You can use the properties of a struct and allocate the structure in advance. I cut off some levels in the sample below, but I'm sure you'll be able to figure out the specifics. Runs about 5-6 times faster than the original (release mode).

The block:

struct ByteBlock
{
    public byte A;
    public byte B;
    public byte C;
    public byte D;
    public byte E;
}

The loop:

var data = new ByteBlock[2*3*4*3*4];
var counter = 0;

var bytes = new ByteBlock();

for (byte a = 0; a < 2; a++)
{
    bytes.A = a;
    for (byte b = 0; b < 3; b++)
    {
        bytes.B = b;
        for (byte c = 0; c < 4; c++)
        {
            bytes.C = c;
            for (byte d = 0; d < 3; d++)
            {
                bytes.D = d;
                for (byte e = 0; e < 4; e++)
                {
                    bytes.E = e;
                    data[counter++] = bytes;
                }
            }
        }
    }
}

It's faster because it doesn't allocate a new list every time you add it to the list. Also since it's creating this list, it needs a reference to every other value (a,b,c,d,e). You can assume each value is only modified once inside the loop, so we can optimize it to do so (data locality).

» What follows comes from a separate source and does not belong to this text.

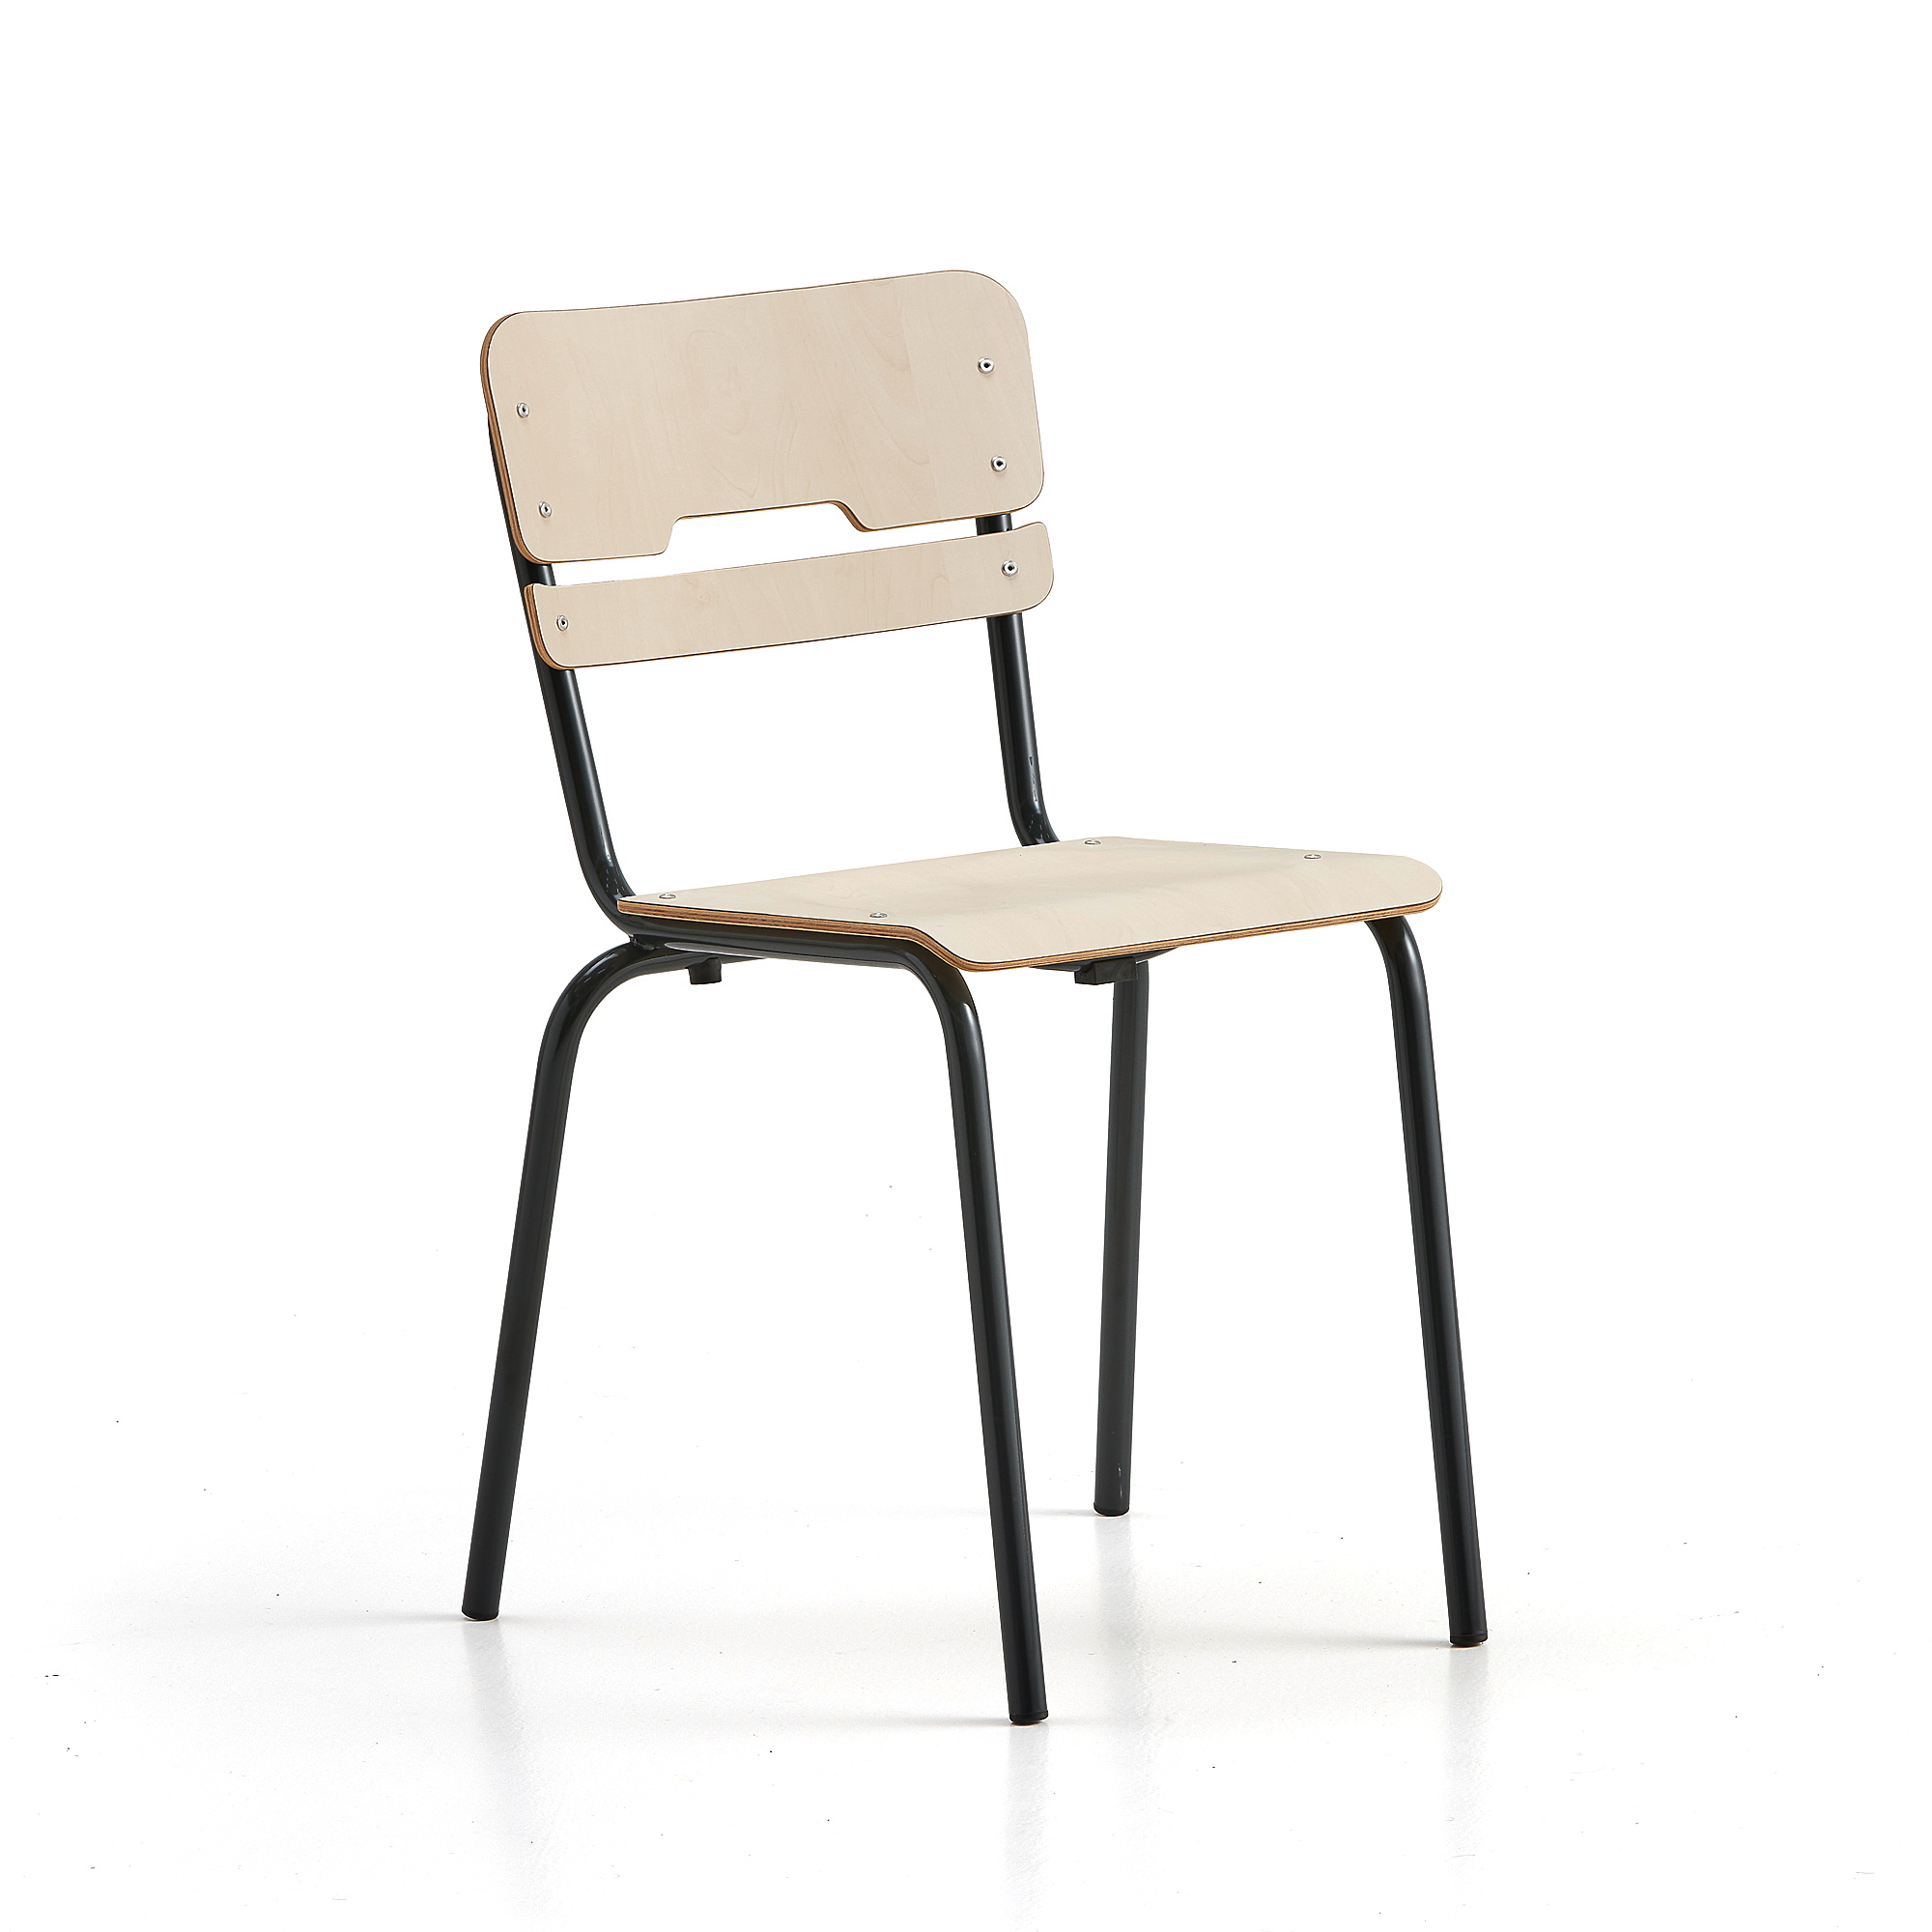 Školní židle SCIENTIA, sedák 360x360 mm, výška 460 mm, antracitová/bříza

Also read the comments for side-effects.

Edited the answer to use an T[] instead of a List<T>.


What you are doing is counting (with variable radix, but still counting).

Since you are using C#, I assume you don't want to play with useful memory layout and data structures that let you really optimize your code.

So here I'm posting something different, which may not suit your case, but it's worth noting: In case you actually access the list in a sparse fashion, here a class that let you compute the i-th element in linear time (rather than exponential as the other answers)

class Counter
{
    public int[] Radices;

    public int[] this[int n]
    {
        get 
        { 
            int[] v = new int[Radices.Length];
            int i = Radices.Length - 1;

            while (n != 0 && i >= 0)
            {
                //Hope C# has an IL-opcode for div-and-reminder like x86 do
                v[i] = n % Radices[i];
                n /= Radices[i--];
            }
            return v;
        }
    }
}

You can use this class this way

Counter c = new Counter();
c.Radices = new int[] { 2,3,4,3,4,3,3,4,2,4,4,3,4};

now c[i] is the same as your list, name it l, l[i].

As you can see, you can easily avoid all those loops :) even when you pre compute all the list at whole since you can simply implement a Carry-Ripple counter.

Counters are a very studied subject, I strongly advice to search for some literature if you feel.